Читать книгу Осенью. Пешком - Герман Гессе - Страница 5

Воспоминания

Оглавление

Завтракать я расположился в тихом уголке, под большою скалой, закрывавшей меня от ветра. Черный хлеб, сыр и колбаса. После двухчасовой ходьбы в гору, при сильном ветре, первый кусок от вкусного бутерброда – это едва ли не единственное наслаждение, еще имеющее в себе глубокое, всецело захватывающее блаженное ощущение настоящей детской радости.

Завтра я, быть может, буду проходить по тому месту в буковом лесу, где получил от Юлии первый поцелуй. На пикнике Ферейна Конкордия, в который я вступил только Юлии ради, и на другой же день после пикника выступил из него.

А послезавтра, быть может, если повезет, увижу ее самое. Она вышла замуж за состоятельного купца, некоего Гершеля. У нее трое детей, и девочка похожа на нее и зовут ее также Юлией. Больше я ничего не знаю, но и этого больше, чем довольно.

Но я помню еще хорошо, как я, год спустя после моего отъезда, писал ей с чужбины, что у меня нет никаких видов на место и заработок, и что она может не ждать меня. Она ответила, чтобы я не огорчал ее без нужды. Когда бы я ни вернулся – все равно она будет меня ждать. А через полгода она опять писала мне и просила вернуть ей слово, чтобы отдать его этому Гершелю. Писать письмо я в первые часы негодования и муки не в силах был, но послал по телеграфу на последние деньги несколько сухих слов. И они полетели через море, и вернуть их было невозможно.

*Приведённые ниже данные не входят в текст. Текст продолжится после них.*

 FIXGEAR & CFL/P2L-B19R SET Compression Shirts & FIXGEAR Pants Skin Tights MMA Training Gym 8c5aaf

Жизнь человеческая так странно устраивается!..

Был ли это случай, или насмешка судьбы, или благодаря отваге отчаяния, но, когда счастие любви разбилось, тогда, как по волшебству, пришли и успех, и удача, и деньги, и то, на что я никогда и не надеялся, достигнуто было шутя и не имело для меня цены.

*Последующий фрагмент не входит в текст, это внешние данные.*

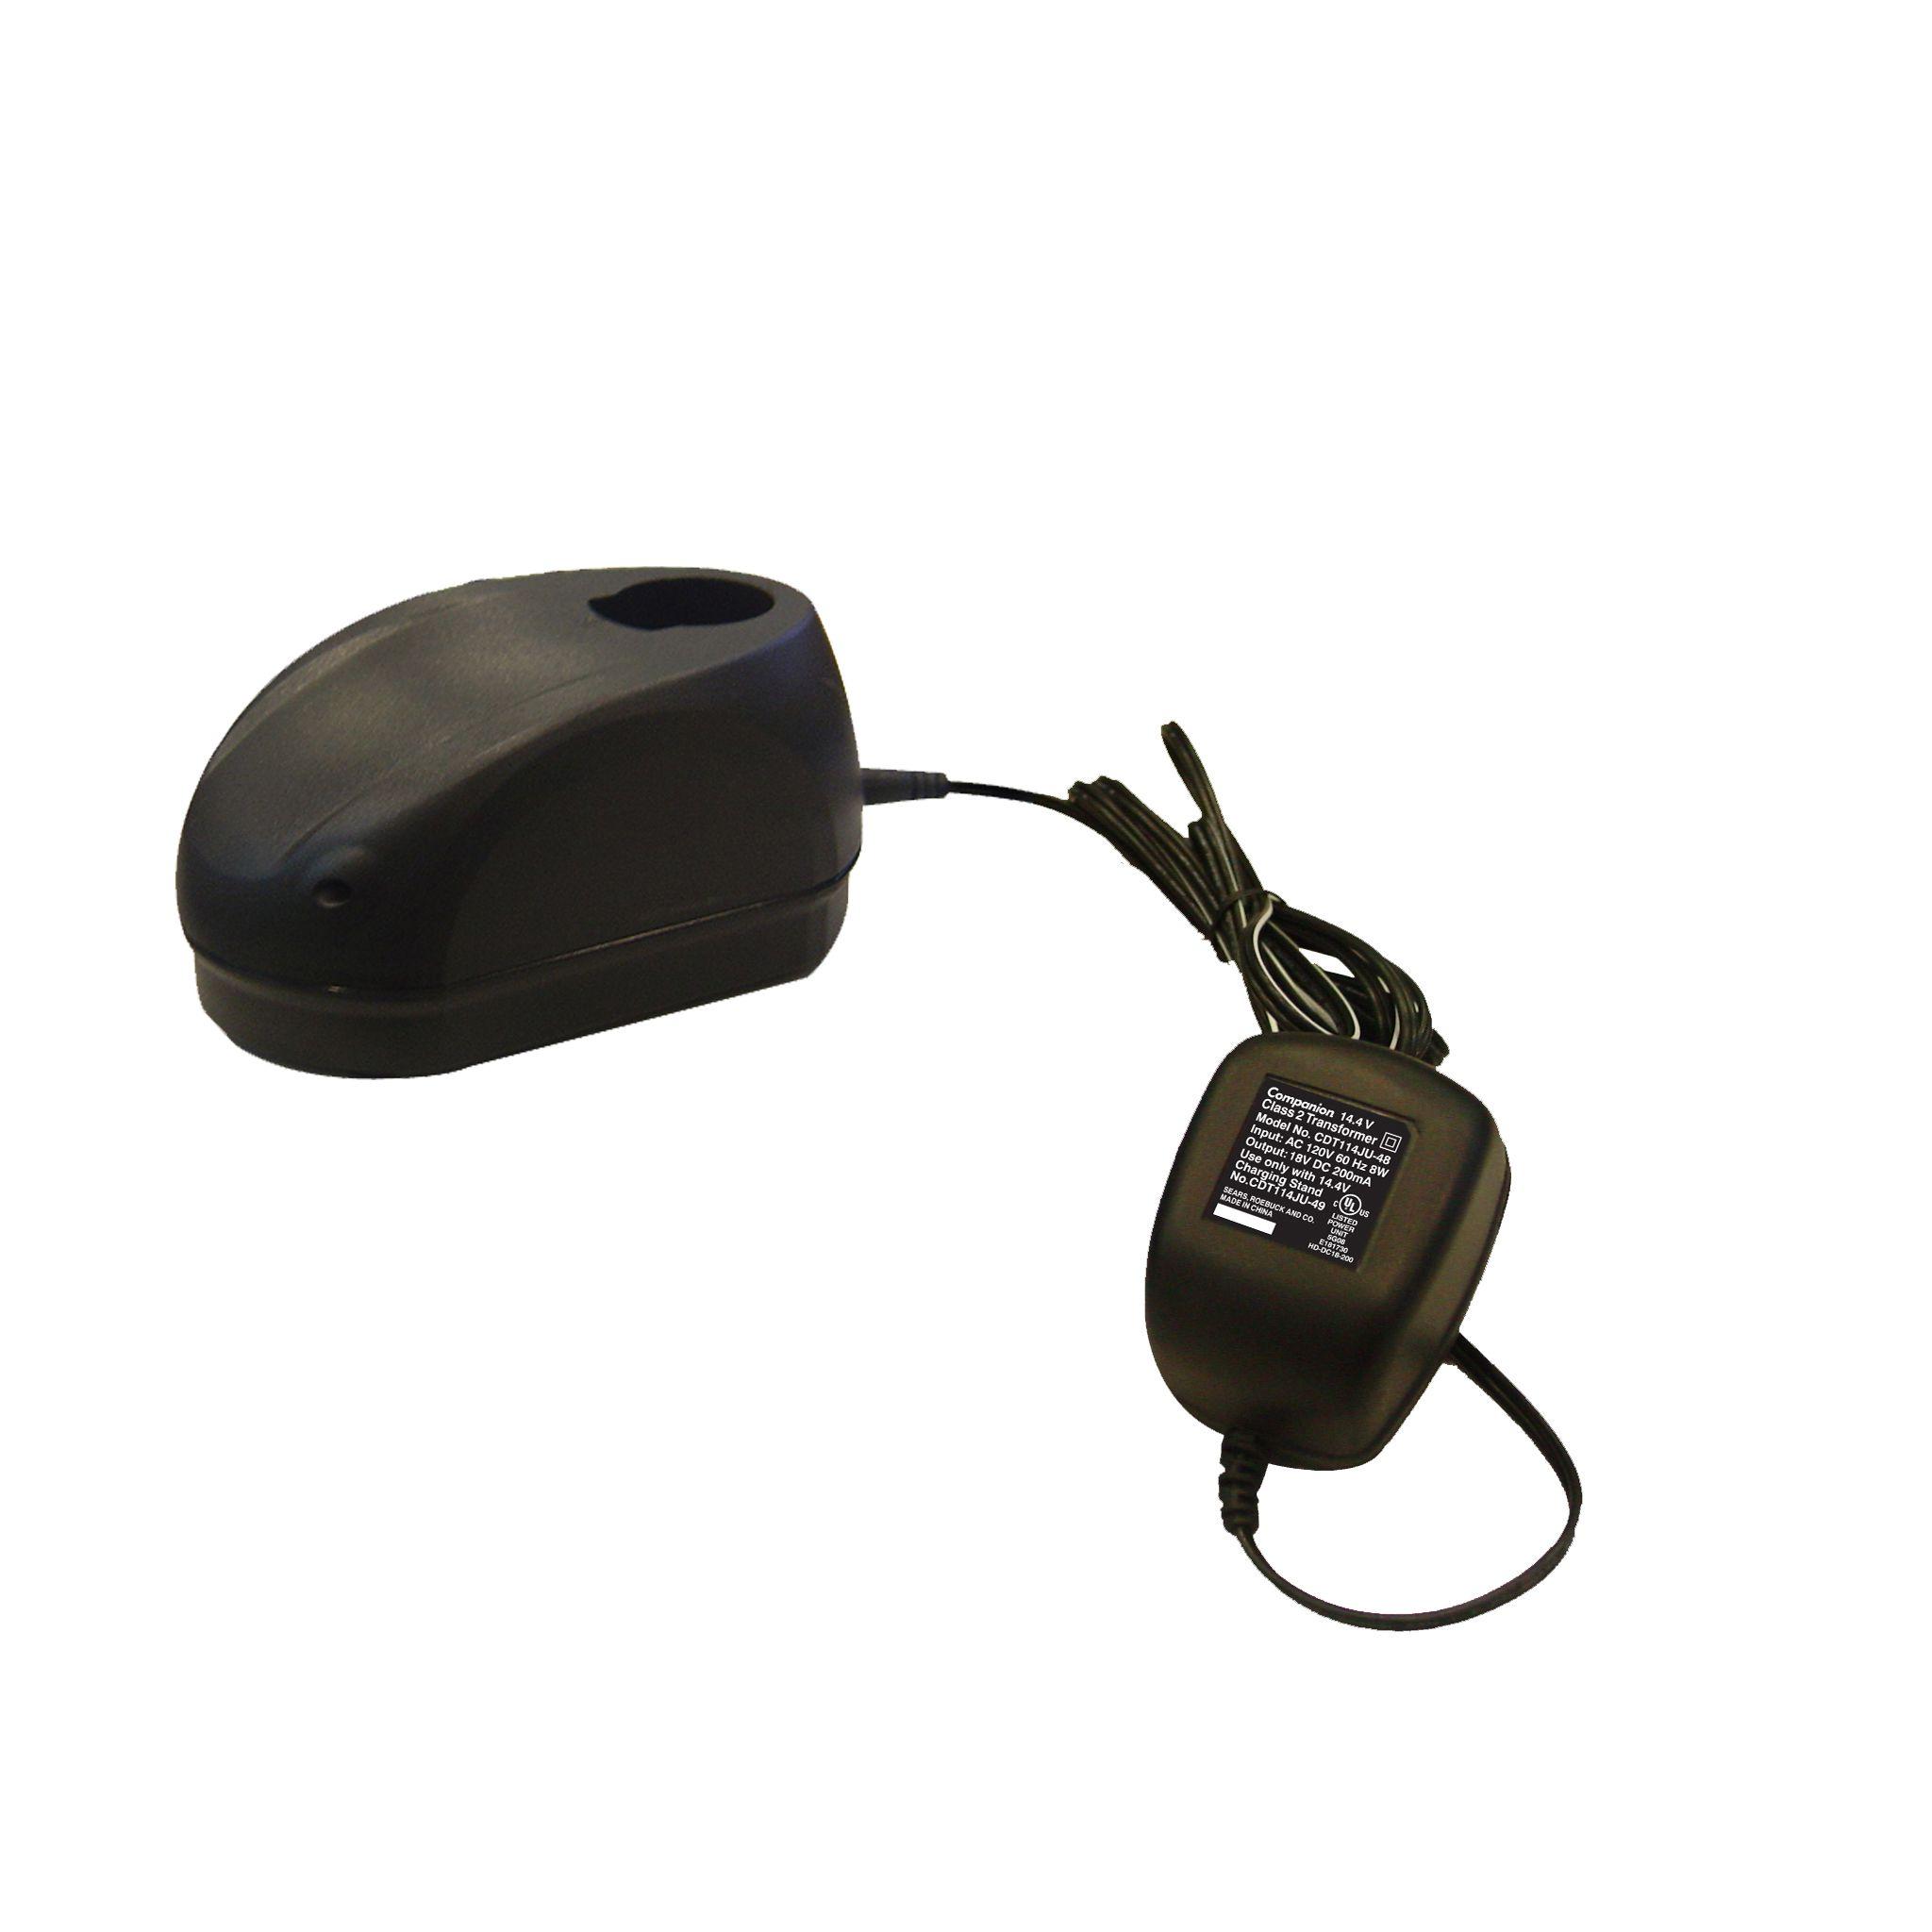 Companion 14.4 volt Cordless Drill/Driver

Судьба прихотлива – решил я – и в два дня и две ночи прокутил с приятелями пачку кредитных билетов.

Я недолго, впрочем, думал об этом, когда, позавтракав, пустил по ветру бумагу из-под колбасы, плотно закутался в свой плащ – и отдыхал. Я думал о своей тогдашней любви, о фигуре и лице Юлии, о тонком изящном лице с благородными линиями бровей и большими темными глазами. Я думал о том дне в буковом лесу, когда она, отталкивая меня и сопротивляясь, слабела в моих объятиях и дрожала от моих поцелуев, и отдавала их мне, и тихо, словно во сне улыбалась, и на ресницах ее блестели слезы.

Дела давно минувших дней…

Лучшее в этом были, однако, не поцелуи, не вечерние прогулки вдвоем и не игра в таинственность. Лучшее – была та сила, которую я черпал в этой любви, ликующая, радостная отвага жить, бороться ради нее, готовность пойти в огонь и воду за нее.

Уметь рисковать собою одного мгновенья ради, жертвовать годами жизни за улыбку женщины – это счастье. И оно еще не утеряно для меня…

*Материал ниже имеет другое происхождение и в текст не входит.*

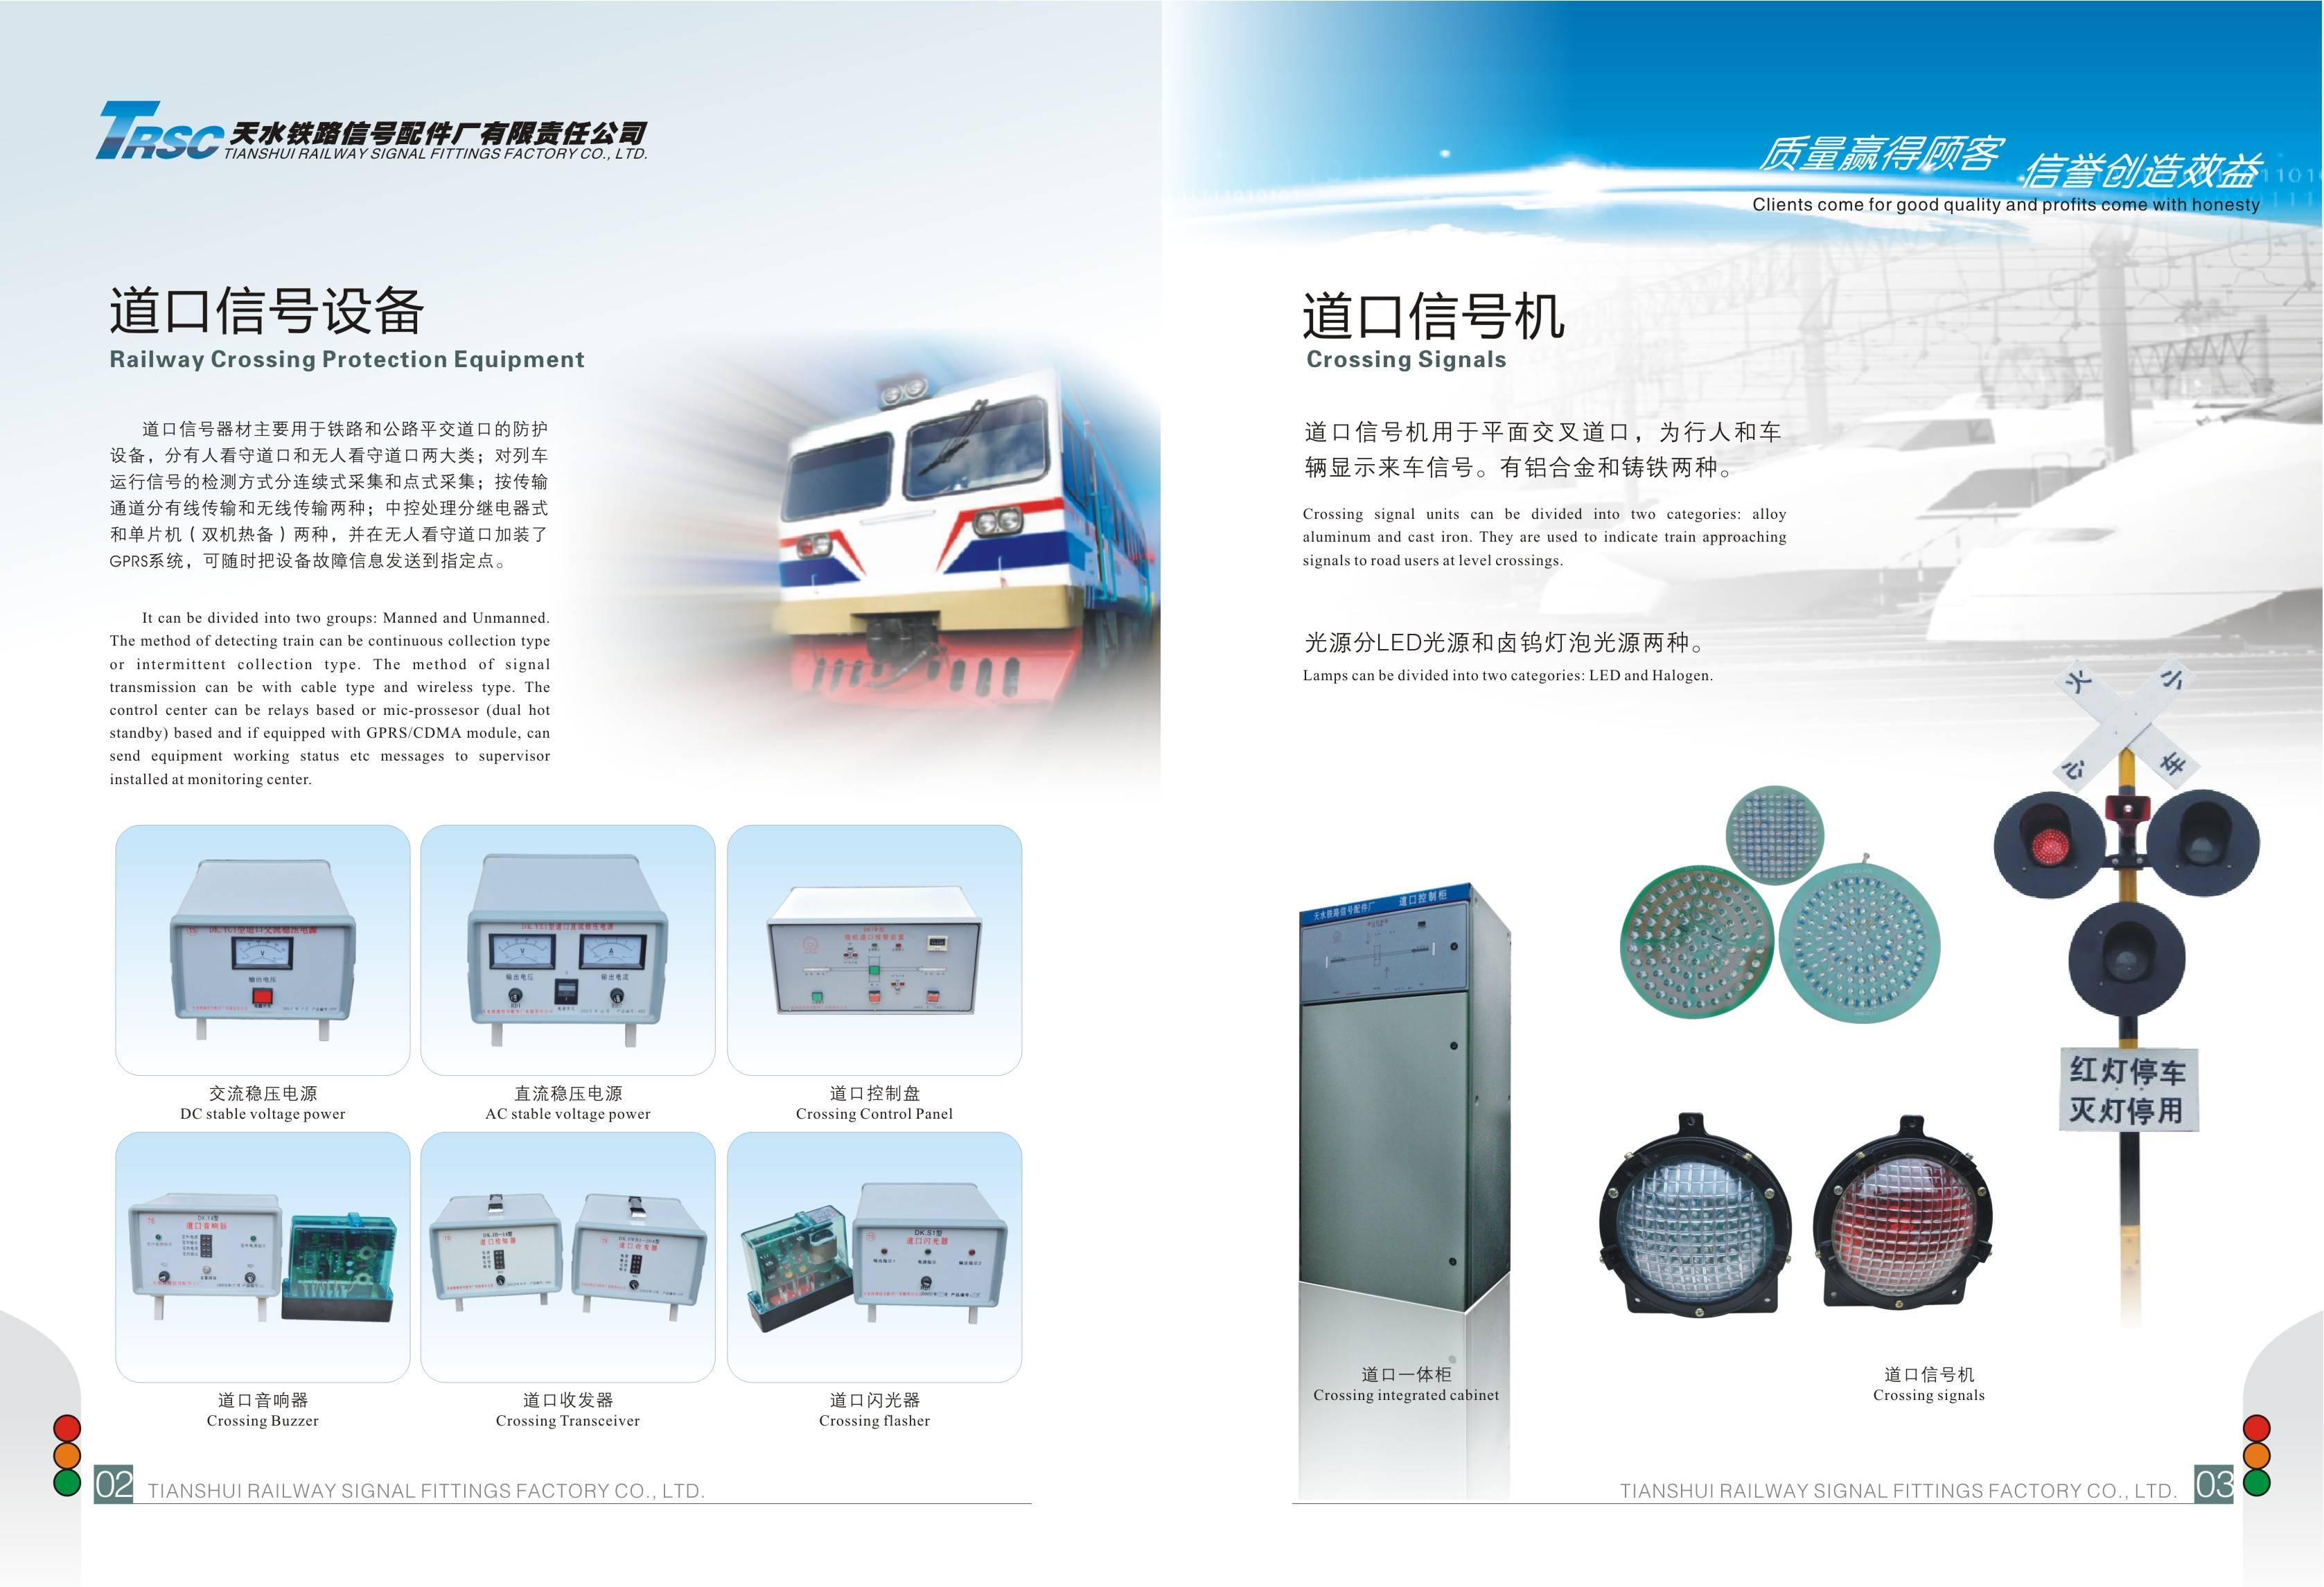 天水铁路信号配件厂有限责任公司

Я встал и, посвистывая, пошел дальше.

Когда дорога пошла под уклон, по другую сторону хребта, и

я должен был расстаться с видом далекого озера, солнце, склонявшееся к закату, сражалось с тяжелыми желтыми тучами, и тучи медленно заволакивали и поглощали его. Я остановился и стал смотреть на сказочные явления, разыгрывавшиеся в это время на небе.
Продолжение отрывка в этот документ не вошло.